Allal Amraoui, député istiqlalien et Président du Centre marocain des études et recherches en politique de santé, nous éclaire sur l’utilité du passeport vaccinal.

- Certains pays comme Israël et la Grèce, qui ont vacciné la majorité de leur population, ont conclu des accords entre eux pour que leurs citoyens circulent librement à travers les frontières. Le Maroc leur emboîtera-t-il le pas ?

 - Je considère que c’est prématuré de parler de cette situation aujourd’hui, vu que l’extrême majorité des pays n’a pas encore atteint les 5% des personnes vaccinées de leur population. Je suis sûr que le Maroc va adhérer automatiquement et logiquement au choix fait par la communauté internationale. D’ailleurs, le Maroc a jusqu’ici fait la preuve de sa qualité de pays pionnier en de telles situations.

- La crise du Covid étant à dimension internationale et l’après-crise étant un objectif mondial, comment le Maroc pourra-t-il se greffer à un tel dispositif sans trop perdre de temps ?

- Il convient d’abord de rappeler qu’un certificat de vaccination n’est pas une première nationale ou mondiale. Le règlement sanitaire international exige un certain nombre de vaccins à faire, contre le choléra, la méningite, la fièvre jaune... pour accéder à certains pays, notamment dans les zones tropicales. Actuellement, nous sommes devant une nouvelle maladie virale qui s’est déclenchée il y a un an et qui pose beaucoup de problèmes à l’humanité. Se faire vacciner est aussi un geste altruiste. On se vaccine pour se protéger soi-même, mais aussi pour protéger la collectivité territoriale. Le reste n’est que détails.

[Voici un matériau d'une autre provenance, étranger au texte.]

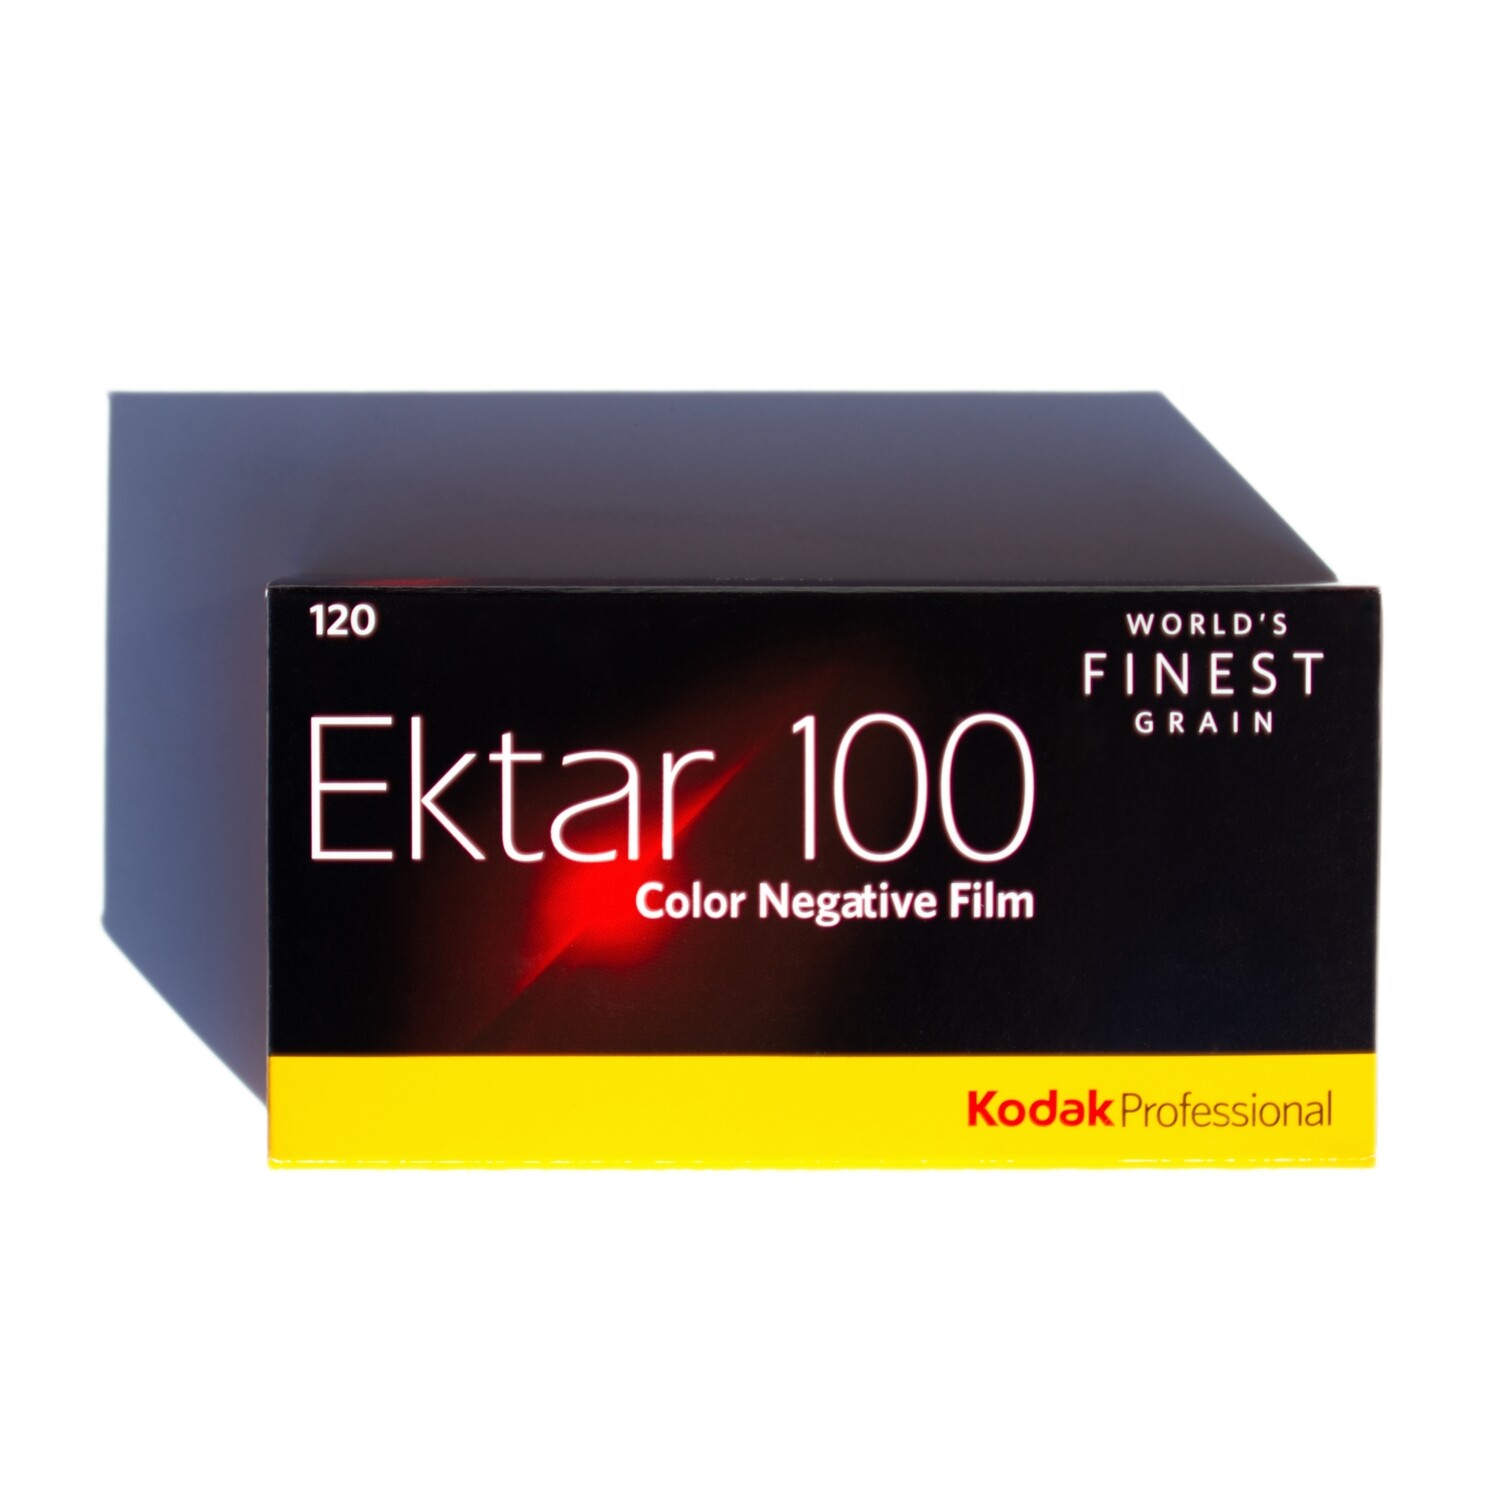 Kodak Professional Ektar 100 120 - Single Roll

- Sur le plan législatif, quand est-ce qu’une vaccination devient une obligation ?

- Au Royaume, la vaccination n’a jamais été obligatoire. On atteint des taux de vaccination à hauteur de 100% des enfants, sans pour autant que ça soit obligatoire. S’il se trouve qu’une personne refuse de se faire vacciner, elle n’a qu’à assumer sa responsabilité. Personne n’est obligé de se faire vacciner, sauf si la loi décrète cette obligation. Si on commence à exiger des certificats de vaccination au moment où les vaccins ne sont accessibles qu’à 5 ou 10% de la population, il y aura en ce moment des inégalités et une atteinte aux libertés.

Recueillis par S. K.

Encadré

Protection des données médicales : L’autre enjeu mondial
 
Une autre inquiétude soulevée par le passeport vaccinal concerne l’utilisation des données sanitaires personnelles. Celles-ci pourraient en effet être exploitées à bon ou mauvais escient, notamment par les majors de la big Pharma. L’exemple d’Israël qui a pu obtenir un stock suffisant de vaccins grâce à un deal avec Pfizer auquel l’Etat hébreux s’est engagé à livrer les données vaccinales de sa population, est à ce propos édifiant.

Certains laboratoires, comme le laboratoire suédo-britannique AstraZeneca, se veulent rassurants en avançant que l’accès aux données médicales sera réservé aux laboratoires qui produisent le vaccin et les données seront anonymisées. Reste que pour mettre en place un tel dispositif, il faudrait que tous les pays du monde coopèrent. Ce qui est loin d’être gagné puisque chaque pays a sa propre bureaucratie.

A cela s’ajoute le facteur temporel. En effet, créer des connexions et partager des données entre gouvernements risque de prendre du temps. En Israël, toujours, le ministère de la Santé a été autorisé, mercredi 24 février, à communiquer à d’autres autorités du pays les identités des personnes non vaccinées contre le Coronavirus, soulevant des inquiétudes quant au respect de la vie privée des citoyens qui refusent la vaccination. “Le but de ce texte, valable trois mois ou jusqu’à ce que la pandémie soit déclarée terminée, est de permettre à ces organismes d’encourager les gens à se faire vacciner en s’adressant personnellement à eux», selon un communiqué du Parlement israélien qui fait preuve, dans ce dossier, d’une étonnante souplesse, pour ne pas dire laxisme.